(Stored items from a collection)
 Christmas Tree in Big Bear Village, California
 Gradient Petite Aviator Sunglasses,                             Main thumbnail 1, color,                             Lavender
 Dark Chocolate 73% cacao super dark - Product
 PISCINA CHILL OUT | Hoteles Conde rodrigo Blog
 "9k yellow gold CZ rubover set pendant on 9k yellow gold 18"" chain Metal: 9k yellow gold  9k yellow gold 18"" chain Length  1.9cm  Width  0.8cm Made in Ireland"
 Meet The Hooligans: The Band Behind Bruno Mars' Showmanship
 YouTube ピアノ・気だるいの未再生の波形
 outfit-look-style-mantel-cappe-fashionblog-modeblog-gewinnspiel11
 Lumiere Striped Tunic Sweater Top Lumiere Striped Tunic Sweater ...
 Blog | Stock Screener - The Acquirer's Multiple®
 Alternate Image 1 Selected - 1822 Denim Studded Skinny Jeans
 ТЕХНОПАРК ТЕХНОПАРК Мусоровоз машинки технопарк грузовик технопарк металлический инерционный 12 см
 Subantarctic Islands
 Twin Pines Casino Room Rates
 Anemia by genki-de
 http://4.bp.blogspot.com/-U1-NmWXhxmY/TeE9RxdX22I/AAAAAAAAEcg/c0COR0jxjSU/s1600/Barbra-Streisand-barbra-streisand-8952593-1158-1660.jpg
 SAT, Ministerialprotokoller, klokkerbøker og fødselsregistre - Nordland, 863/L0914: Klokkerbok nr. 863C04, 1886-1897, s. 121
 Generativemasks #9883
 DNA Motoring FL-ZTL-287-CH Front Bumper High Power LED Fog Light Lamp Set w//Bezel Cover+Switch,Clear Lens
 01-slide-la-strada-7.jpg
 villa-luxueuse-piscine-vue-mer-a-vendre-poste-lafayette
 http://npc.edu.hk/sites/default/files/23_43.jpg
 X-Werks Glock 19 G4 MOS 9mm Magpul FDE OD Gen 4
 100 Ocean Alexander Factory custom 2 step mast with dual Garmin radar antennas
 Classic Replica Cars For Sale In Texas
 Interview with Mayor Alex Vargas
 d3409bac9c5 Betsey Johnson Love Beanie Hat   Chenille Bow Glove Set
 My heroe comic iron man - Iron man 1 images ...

▶ **INSTRUCTIONS FOR THE TASK**
Set down each record verbatim.

▶ **TASK RESULT**
 Christmas Tree in Big Bear Village, California
 Gradient Petite Aviator Sunglasses,                             Main thumbnail 1, color,                             Lavender
 Dark Chocolate 73% cacao super dark - Product
 PISCINA CHILL OUT | Hoteles Conde rodrigo Blog
 "9k yellow gold CZ rubover set pendant on 9k yellow gold 18"" chain Metal: 9k yellow gold  9k yellow gold 18"" chain Length  1.9cm  Width  0.8cm Made in Ireland"
 Meet The Hooligans: The Band Behind Bruno Mars' Showmanship
 YouTube ピアノ・気だるいの未再生の波形
 outfit-look-style-mantel-cappe-fashionblog-modeblog-gewinnspiel11
 Lumiere Striped Tunic Sweater Top Lumiere Striped Tunic Sweater ...
 Blog | Stock Screener - The Acquirer's Multiple®
 Alternate Image 1 Selected - 1822 Denim Studded Skinny Jeans
 ТЕХНОПАРК ТЕХНОПАРК Мусоровоз машинки технопарк грузовик технопарк металлический инерционный 12 см
 Subantarctic Islands
 Twin Pines Casino Room Rates
 Anemia by genki-de
 http://4.bp.blogspot.com/-U1-NmWXhxmY/TeE9RxdX22I/AAAAAAAAEcg/c0COR0jxjSU/s1600/Barbra-Streisand-barbra-streisand-8952593-1158-1660.jpg
 SAT, Ministerialprotokoller, klokkerbøker og fødselsregistre - Nordland, 863/L0914: Klokkerbok nr. 863C04, 1886-1897, s. 121
 Generativemasks #9883
 DNA Motoring FL-ZTL-287-CH Front Bumper High Power LED Fog Light Lamp Set w//Bezel Cover+Switch,Clear Lens
 01-slide-la-strada-7.jpg
 villa-luxueuse-piscine-vue-mer-a-vendre-poste-lafayette
 http://npc.edu.hk/sites/default/files/23_43.jpg
 X-Werks Glock 19 G4 MOS 9mm Magpul FDE OD Gen 4
 100 Ocean Alexander Factory custom 2 step mast with dual Garmin radar antennas
 Classic Replica Cars For Sale In Texas
 Interview with Mayor Alex Vargas
 d3409bac9c5 Betsey Johnson Love Beanie Hat   Chenille Bow Glove Set
 My heroe comic iron man - Iron man 1 images ...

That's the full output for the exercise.